Правильно сделает отец Зиновий, отправившись со мной в маленький малоизвестный монастырь в российской глубинке, — едва ли до жителей деревни, в которой он расположен, долетела скандальная известность Феликса Тряпкина, автора скабрёзной книги про собак, радиоведущего, собаковода и организатора акций и выставок, посвящённых гей-тематике. Радостно встретят отца Зиновия настоятель и братия, а мне лишь дежурно кивнут. Отведут в трапезную, покормят с дороги, а потом спросят отца Зиновия: «Благословишь ли паломника этого работой нагрузить за послушание?» «Благословлю», — хитро прищурившись, ответит. И отправят меня с местным иноком по имени Сергей конюшню чистить. «Ты откуда родом-то?» — спросит тот, минут пять понаблюдав за моими неуклюжими попытками сложить сено в аккуратный стог, а узнав, что из Москвы — разочарованно присвистнет: «Ну, вы, москвичи — народ изнеженный, мало, на что годный!» Мало на что годны! Удивительное узколобие! Слушая подобные речи, человек, неспособный критически воспринимать информацию, и правда может подумать, будто бы в столице физическая работа исключена, а обитатели её представляют собой исключительно работников интеллектуального труда, которые, конечно же, ничего в жизни не поднимали тяжелее шариковой ручки! Неужели так сложно хотя бы предположить, что немало москвичей занимаются спортом, работают на стройке, как я в своё время, или же на заводе? Да, разумеется, в Москве едва ли найдётся с сотню человек, работа которых заключается в чистке конюшен, но это вовсе не означает и не предполагает их неспособность к физическому труду, который тут в приоритете. «После московского безделья сложно, наверное, полы намывать в конюшне?» — с деланным сочувствием поинтересуется Сергей. Нет, блин, не сложно! Московское безделье! Идиотский стереотип! Да, кто-то работает физически, кто-то — интеллектуально, но кто сказал, что вторые — бездельники? Если не можешь заработать на жизнь своим умом, ворочай мешки, я же, к счастью, миновал этот период, причём исключительно благодаря собственным умственным способностям, но куда тебе это понять, о, глашатай примитивной работы руками?
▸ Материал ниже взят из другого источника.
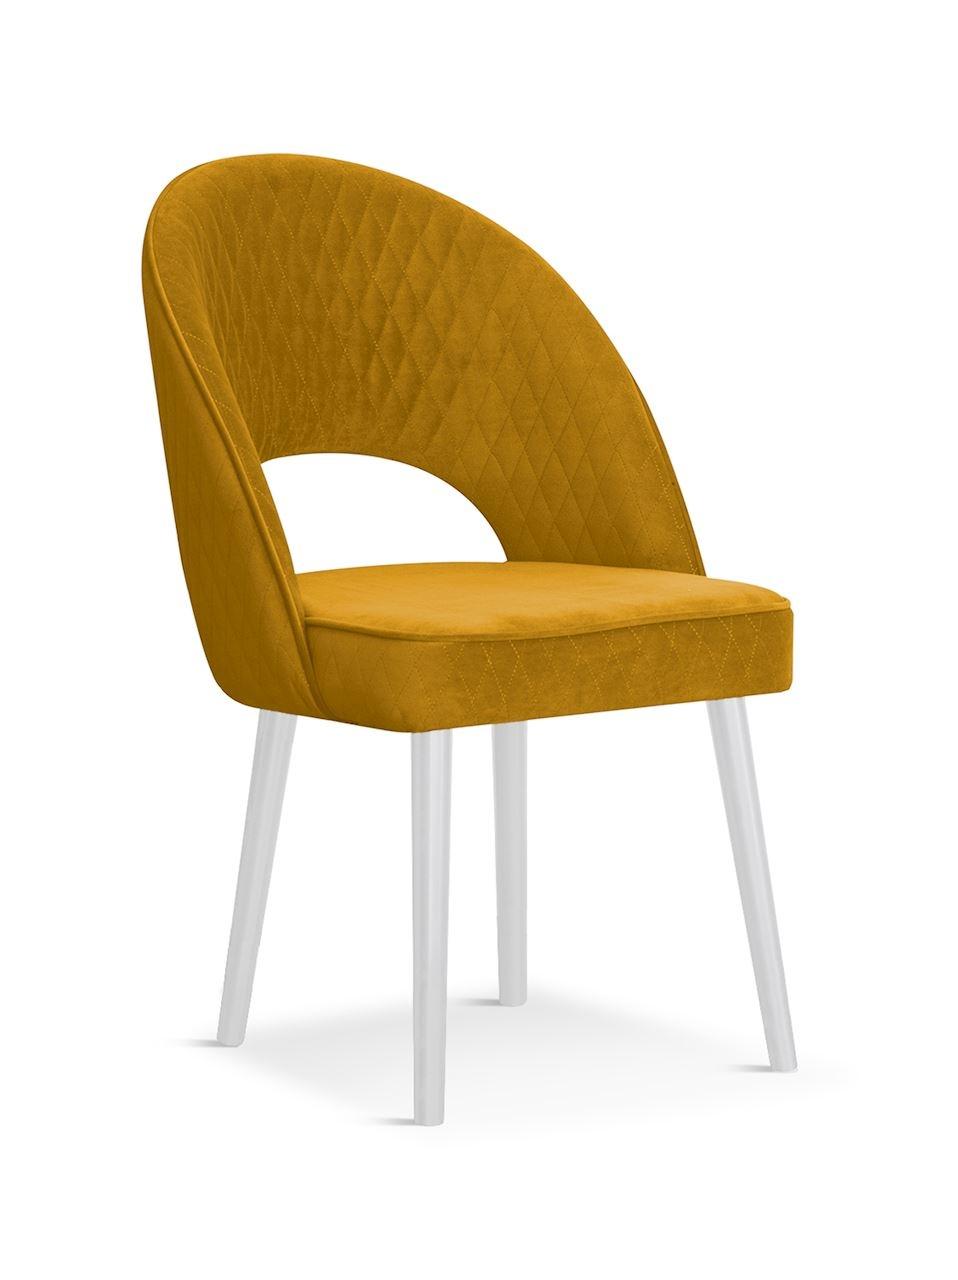 Scaun tapitat cu stofa, cu picioare din lemn Ponte Honey / White, l56xA63xH89 cm

Почистим конюшню, разгребём снег, развезём со склада дрова по крохотным домикам для паломников, поужинаем, почистим картошку, вымоем полы на кухне и в трапезной, а тут уже и время сна настанет. Вот и вся духовная жизнь! Отправят меня спать в дальний домик. «Как печь-то топить, знаешь?» Да что же меня всё за юнца-то желторотого держат?! Знаю я, как печь топить, благо она в моей бане имеется! Доковыляю, уставший, по темноте до домика, растоплю печь да присяду на краешек лавочки. В доме холодней, чем на улице, пока температура поднимется — пройдёт часа три. Ах, ты ж, ё-моё — забыл взять со склада матрацы! Да ладно тебе, вон же лежит стопка в углу — авось и они сойдут. Не сойдут: Сергей же специально тебя предупредил, что они отсыревшие, и для того, чтобы они просохли, печь надо будет топить почти сутки. А если их положить прямо у печи? Да, давай-ка у печи и постелем матрацы, дюже неохота тащиться на склад в темноте по морозу, да и ноги уже от усталости заплетаются. А вообще, оригинально — спать в маленьком домике с русской печкой, на матрацах, постеленных на полу из-за отсутствия кровати, — такого в моей жизни ещё не было. Ой, смотри-ка, какой снегопад за окном! Кстати, может быть, ещё одну свечу зажечь, а то как-то темновато? Нет, погоди пока, побереги инвентарь. Феликс. Феликс, зачем ты сюда приехал, чего ты тут искал?.. Работа здесь тяжёлая и непрестанная   — с утра до вечера и без выходных, и в ней проходят все дни монахов, разбавляясь лишь церковными службами и келейными вычитываниями правил. Тут нет времени на размышления и чтение. Тут люди живут по несколько человек в одной комнате, и совместному проживанию неизбежно сопутствуют ссоры, сплетни и скандалы. Вспомни, Феликс, как это гнусно — сидеть на работе в одном кабинете с сотрудником, с которым ты психологически несовместим. Тогда единственной мыслью, смягчающей удручение от сложившейся ситуации, будет мысль об окончании рабочего дня, что освободит от присутствия неприятной личности. Здесь же, в монастыре, нет возможности избавиться от объекта антипатии  — представь себе, как это подавляет. Как же много стрессообразующих факторов в монастыре! Феликс, а представь себе, какую хроническую усталость зарабатывают монахи под конец жизни — наверняка из-за её масштаба и интенсивности в голове уже не остаётся никаких религиозных мыслей. Так, хорошо, надо пощупать матрацы, и если они прогрелись, то ложиться спать.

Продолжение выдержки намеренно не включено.